So the first question would be, is this office an inferior office in that sense? And the Court has tended recently to understand what makes someone inferior in terms of whether they have a principal other than the president. And as I understand it, the OSC is, the special counsel is appointed by the president, only removable by the president, so that might suggest they're not an inferior officer. They don't have any principal officer in between, and maybe that just ends the issue.
Jack Goldsmith: Explain how that ends the issue so that people understand. Which direction?
Zachary Price: Yeah. So normally, you know, an inferior officer might be something like a—so I believe these people were actually Senate confirmed, but, but say you have an assistant attorney general, would be reporting to the attorney general and then reports to the president. So that, that's the, that kind of hierarchy is what the Court seems to be looking for.
Jack Goldsmith: But which way does it cut? I mean, if the person is an inferior officer as opposed to a principal officer, is it, it—just explain whether it's harder or easier for the president to remove under these cases.
Zachary Price: So in these cases, it seems that to fall within the Morrison exception—in other words, for tenure protection to be okay—the position has to be an inferior officer. So the Court might just say the special counsel is not inferior because there's no intervening head.
My understanding is what the special counsel is arguing is, well, that may be true, but the fact is the special counsel can't really do anything without going through other officers. The special counsel basically investigates, you know, prohibited personnel practices and then reports and recommends action either to agency heads or bring some sort of proceeding before the Merit Systems Protection Board. So I think they're trying to argue that, that they're, it's inferior in the sense that they can't actually do anything without going through some other office.

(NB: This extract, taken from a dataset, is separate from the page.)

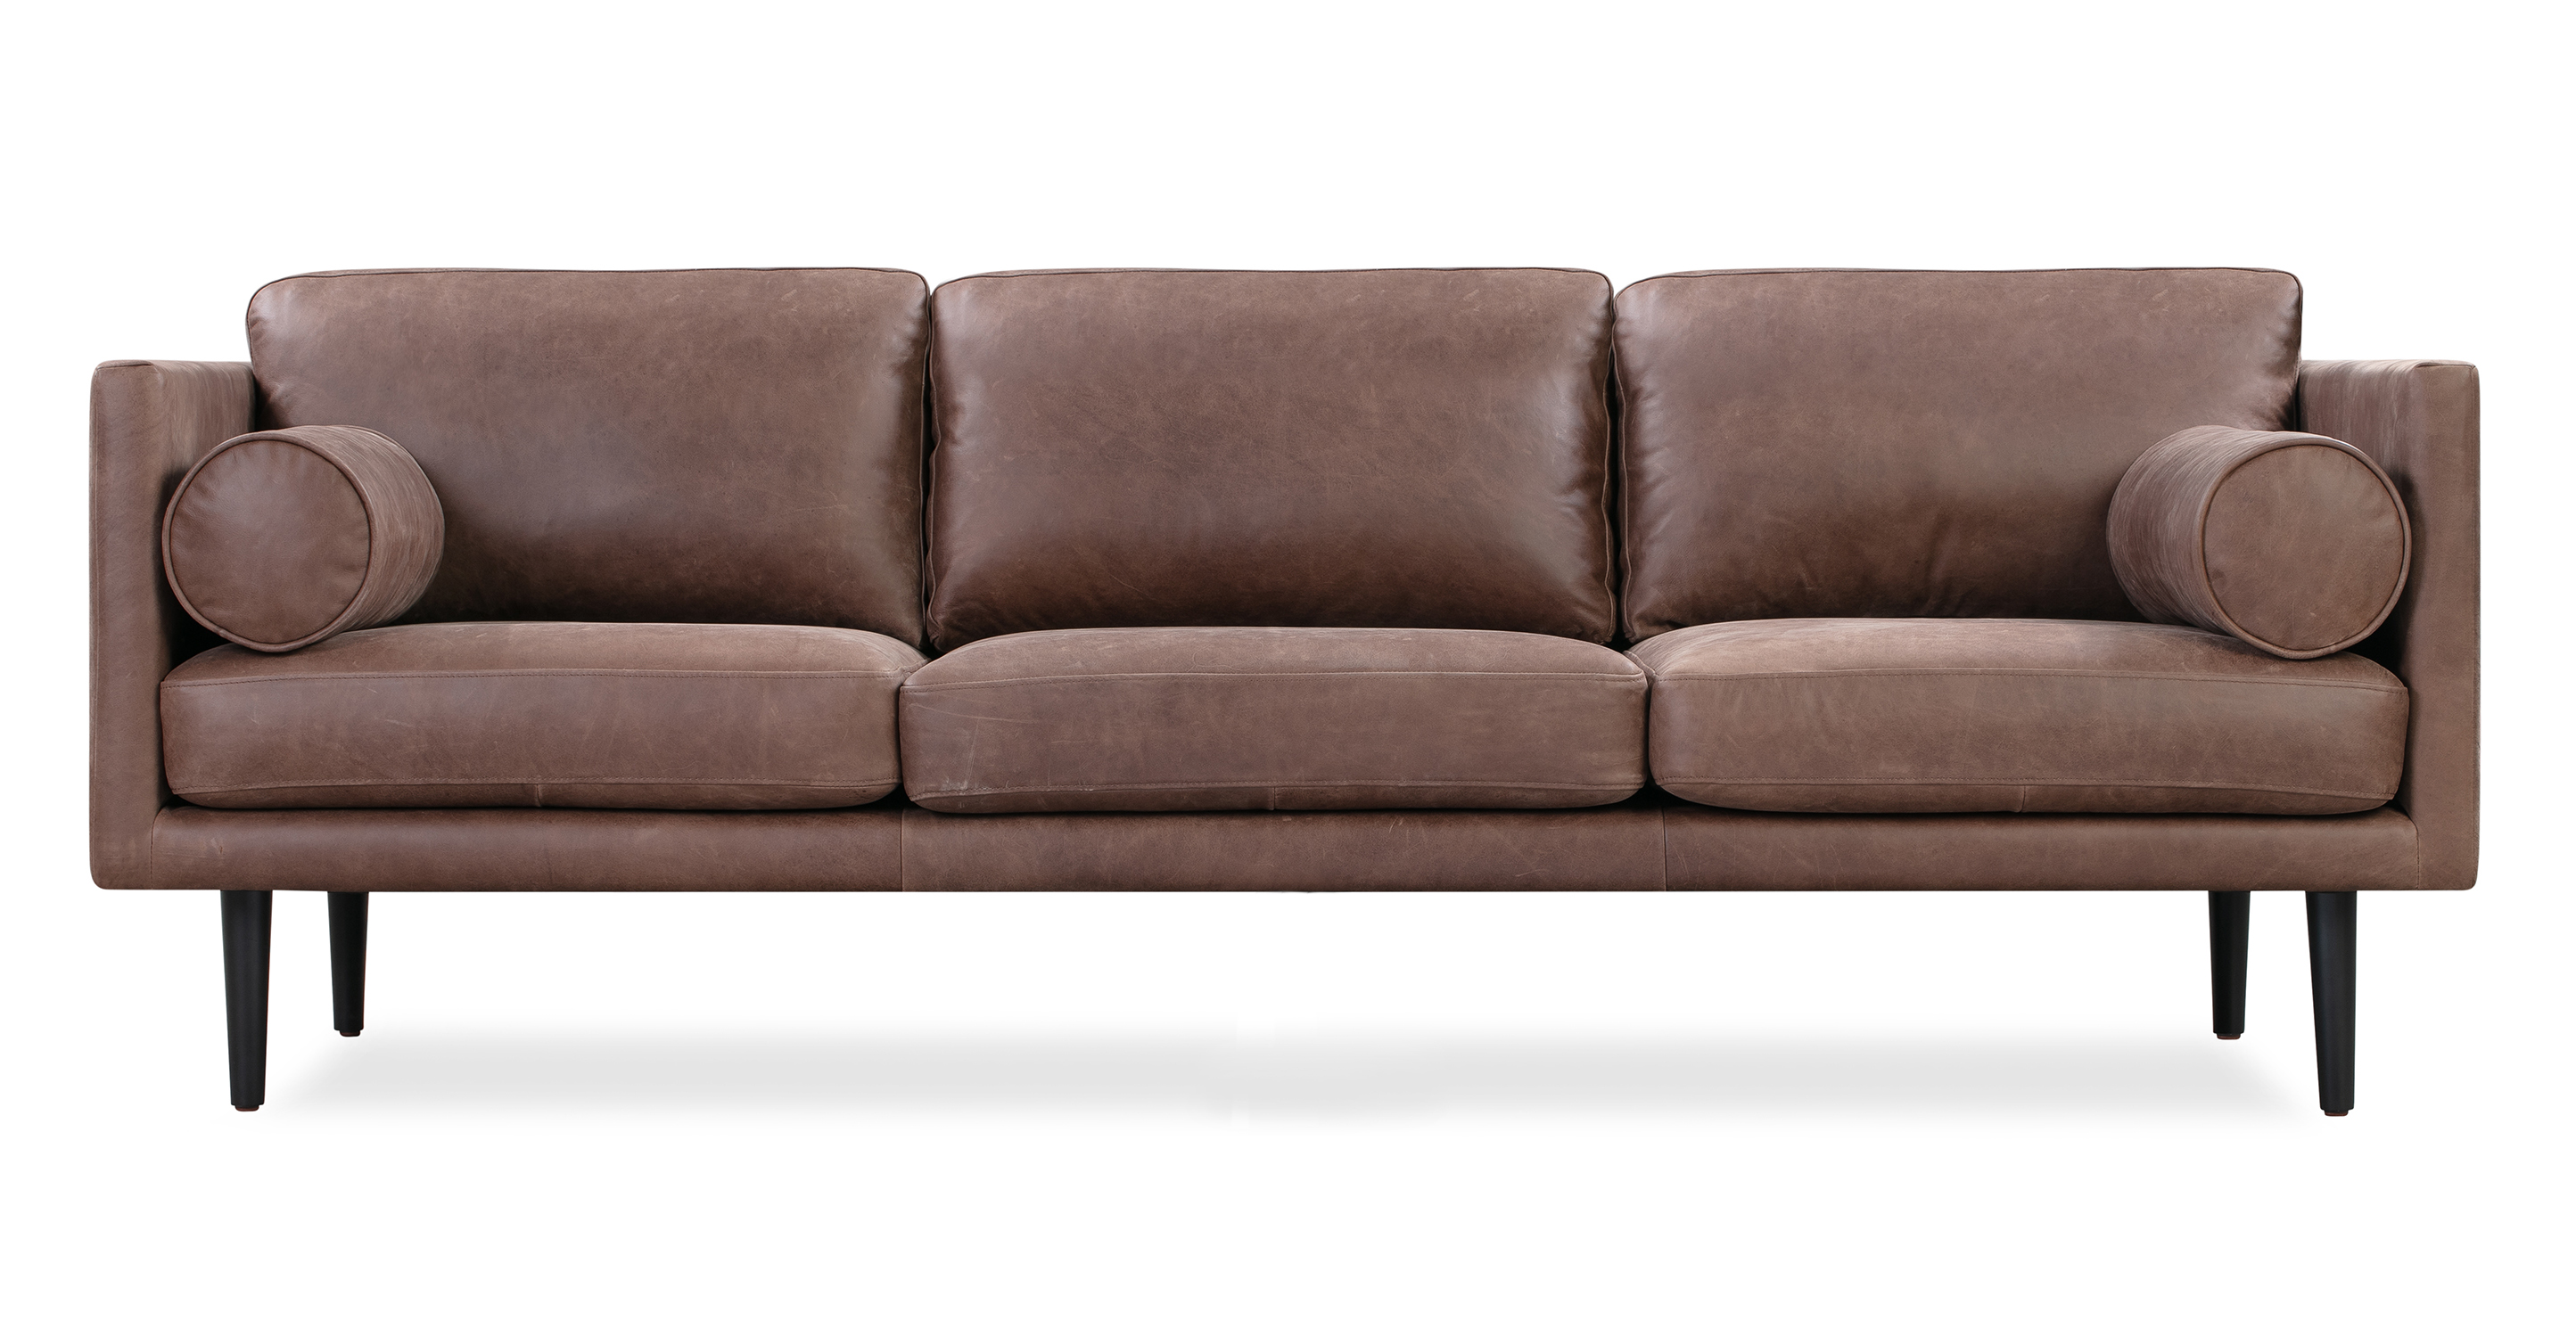 The Spectre Mocha Brown Leather is a timeless contemporary sofa that is 100% upholstered. It features a cohesive design with both the base frame and arms sharing the same thickness, resulting in a harmonious and consistent look. The sofa's three seat and back cushions are removable and strike a balance between being well-cushioned and not overly stuffed. To further enhance comfort, the Spectre includes two bolster pillows positioned on either side of the arm. The sofa is raised by tapered wooden legs.

You know, given that the thrust of the Court's cases is to limit exceptions to tenure protection, I guess they're probably not going to buy that. But there are some of these cases like the Edmond case involved, I think it was the Coast Guard Court of Appeals, but involved a judicial and adjudicatory position. And they said it was inferior because there was a combination of discipline and management by the JAG, by the appellate review by a higher military court.

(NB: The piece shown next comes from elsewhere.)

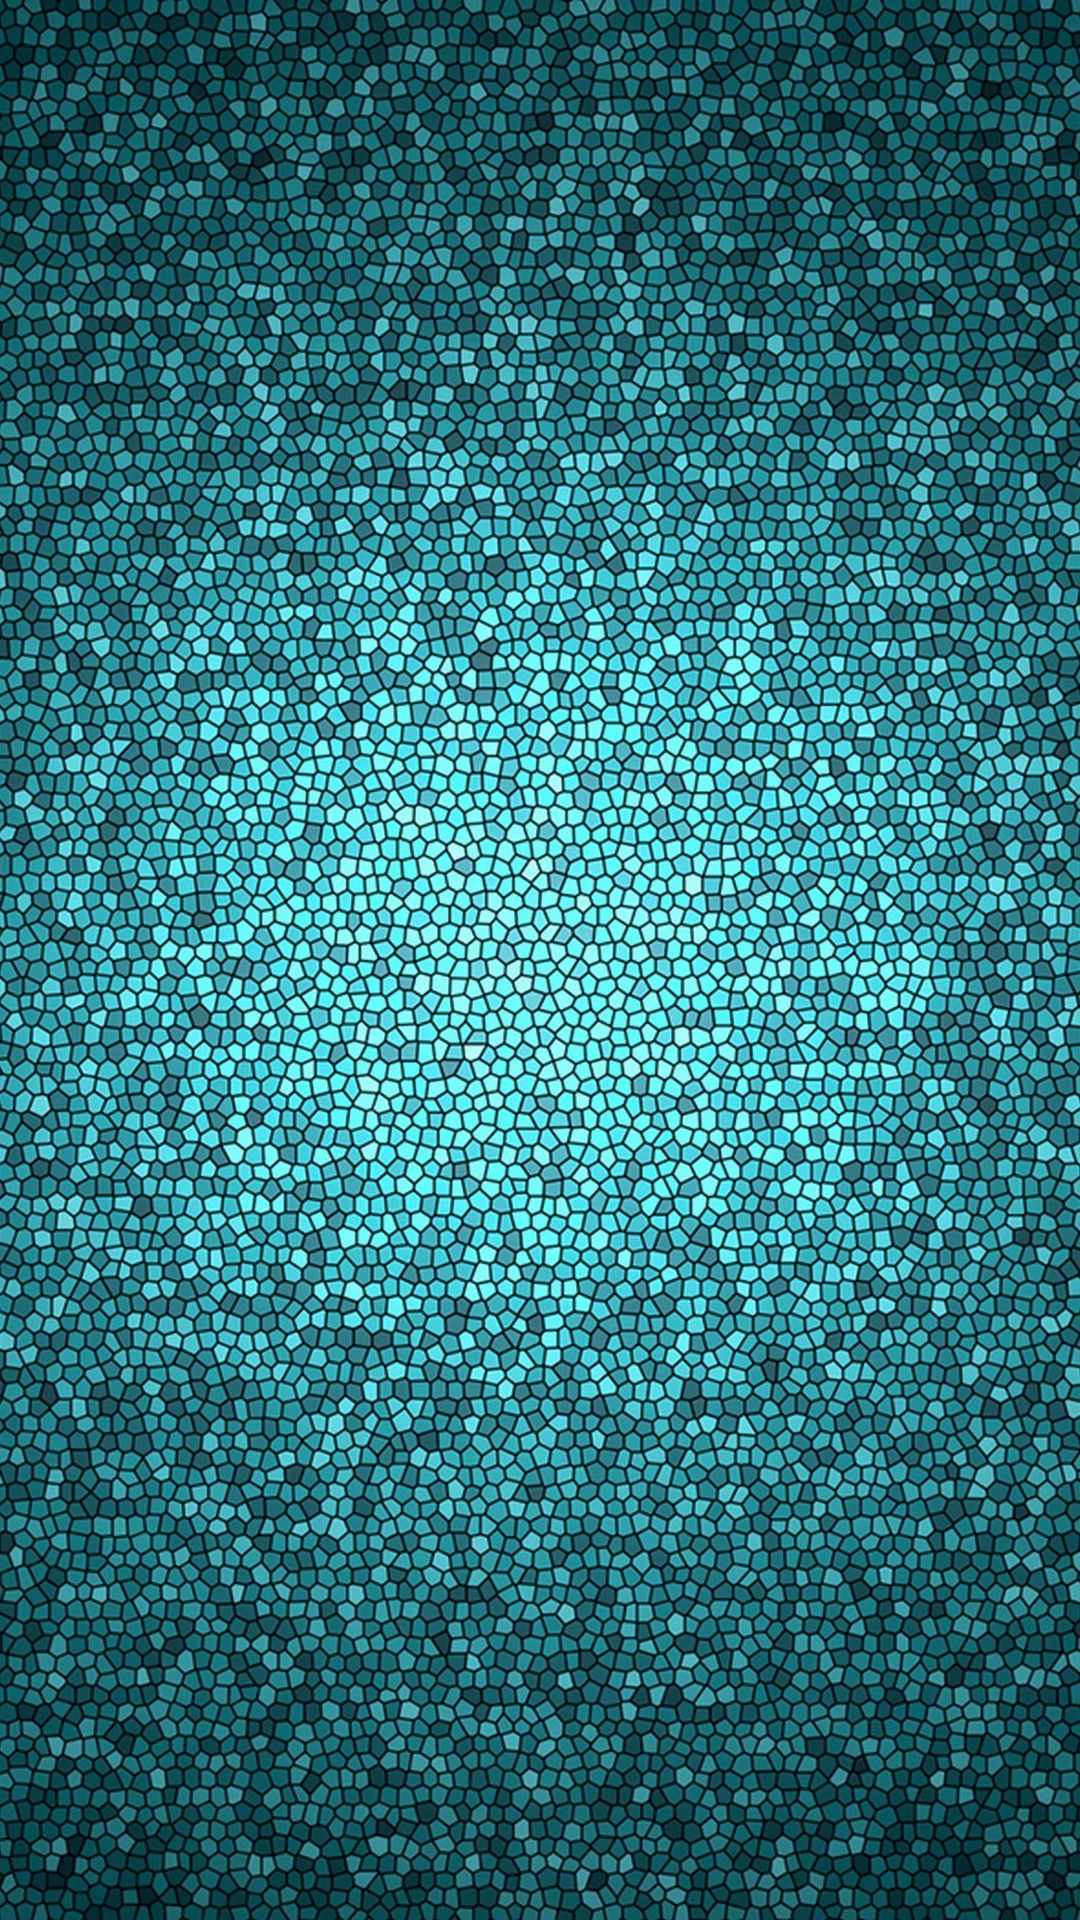 Teal Phone Background Wallpaper HD. Abstract wallpaper background, Mosaic wallpaper, Textured wallpaper

So, there are some cases where the, the kind of, the way in which they're subject to hierarchy wasn't a kind of clear chain of command, but instead this sort of structure that involves a kind of check on what the, what the official is doing.

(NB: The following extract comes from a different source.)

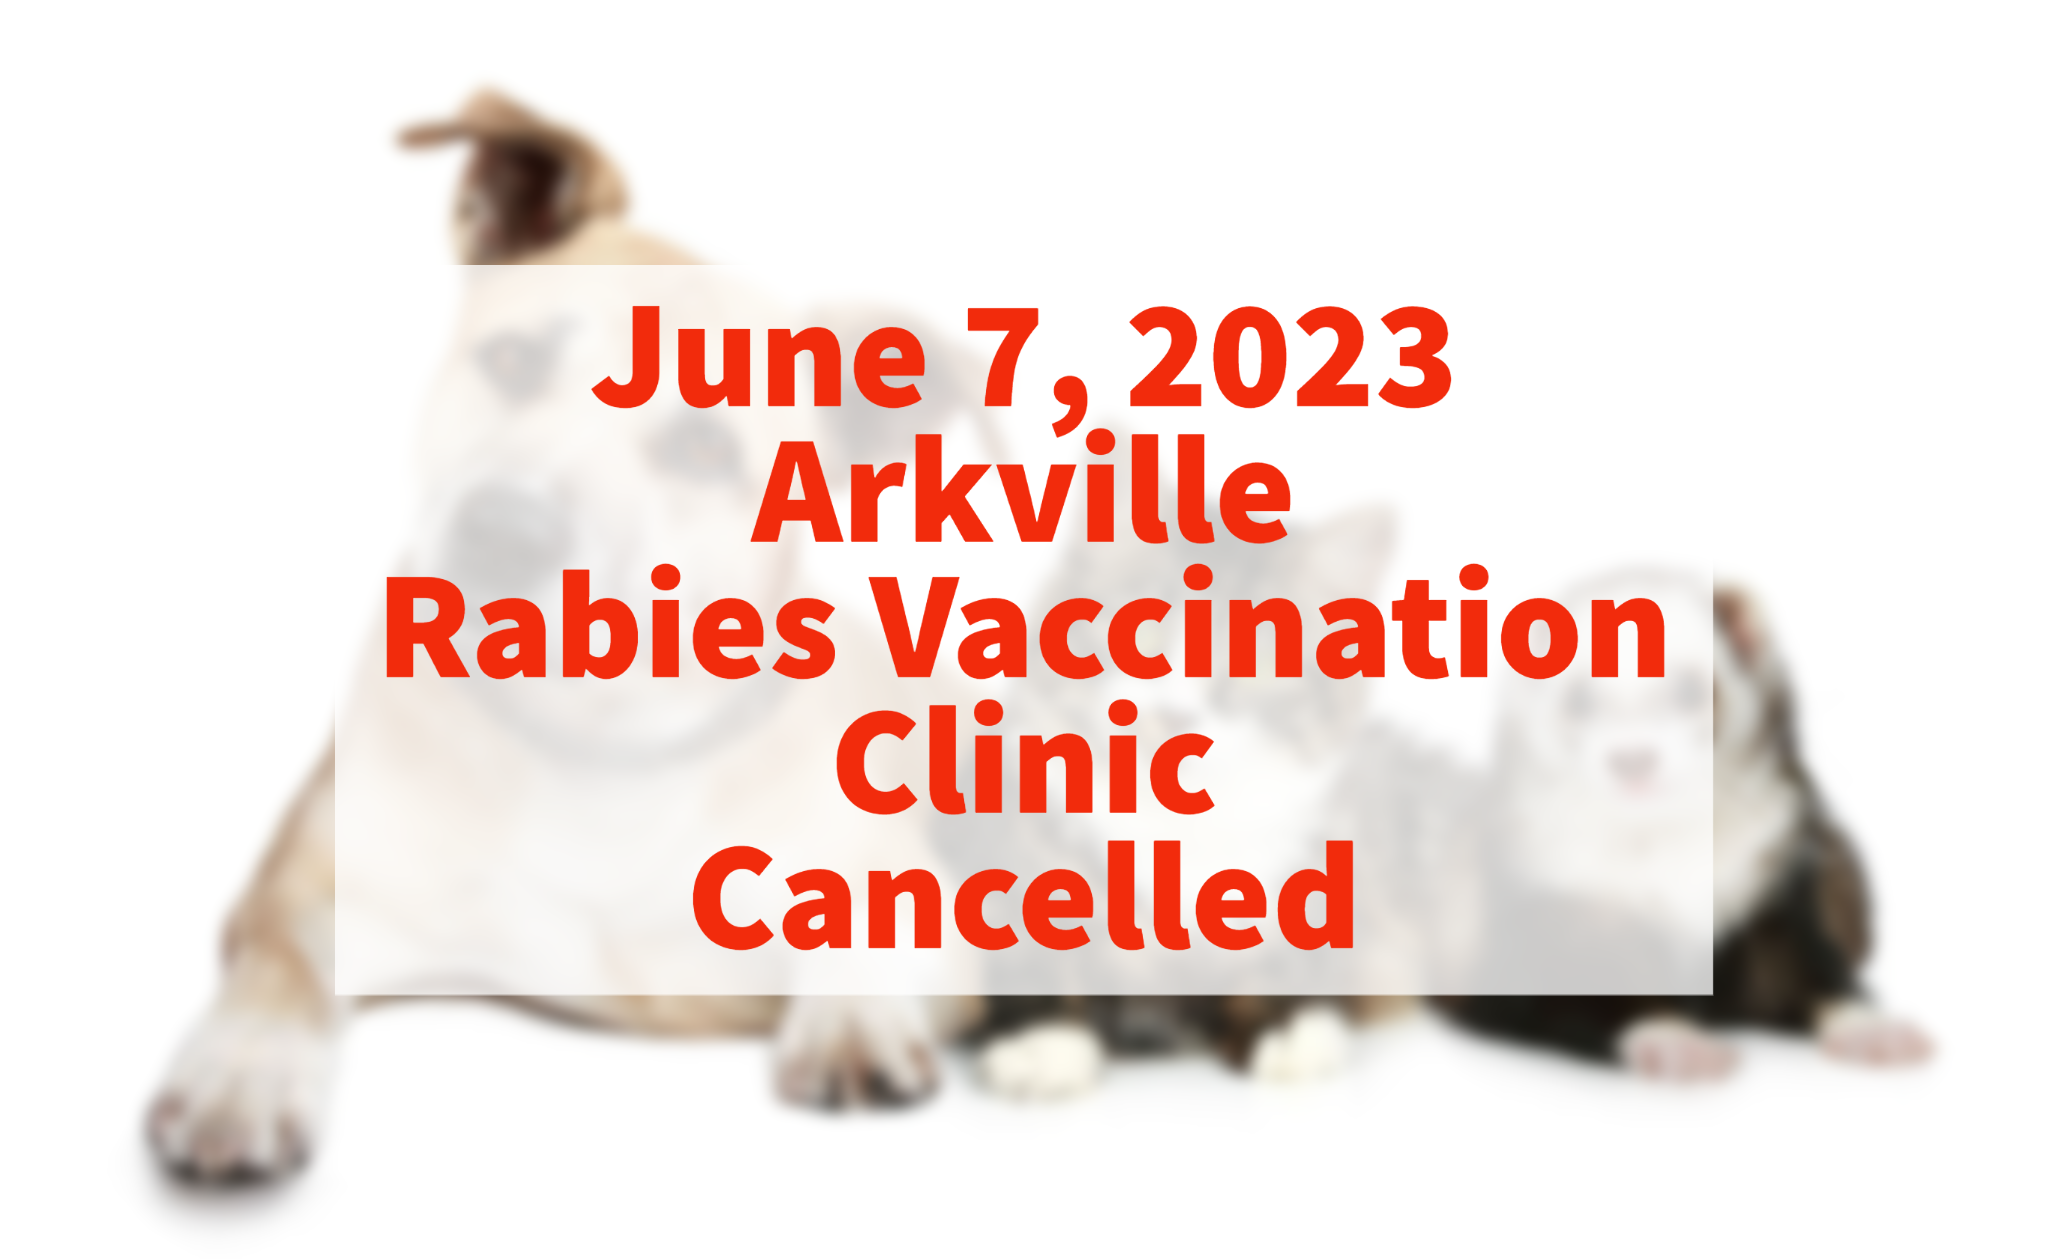 June 7, 2023 Arkville Rabies Vaccination Clinic Cancelled

Jack Goldsmith: But basically, this is my view—and I think I'm putting a gloss on what you just said—the administration has a, a plausible argument, not a clinching argument, but a plausible argument, especially given the trend in the cases, that this firing would be lawful and that the for-cause protections would be unconstitutional.
Zachary Price: I agree. Yeah. I mean, I'd probably bet that they'll say it's the tenure protections unconstitutional, but I do think it's a, they're solid arguments both ways potentially.
Jack Goldsmith: Yeah. I agree. Okay. Let's move on to the firing of a member of the NLRB, also tenure protected. Is the analysis here different?
Zachary Price: Yeah, so here we'd have to apply the, the Humphreys exception.
Jack Goldsmith: Just explain why, explain why.
Zachary Price: Yeah. So here NLRB is the National Labor Relations Board. So it's one of these so-called independent agencies. So it has—the board that heads the agency is composed of multiple members. Five, I believe. And there's a requirement of partisan balance. You have to have at least two from each major political party and they have staggered terms so that they, with it, you know, something like five year terms and they, they come up across time. So there's a common structure for independent agencies and then they're, they're removable only for cause during that. during that term.
So we can't apply the Morrison exception because they're clearly not inferior officers. They had the agency, their principal officers, and they also probably the duties of the agency are too broad in scope to fit the second prong of that analysis either. So we'd have to apply the Humphreys exception.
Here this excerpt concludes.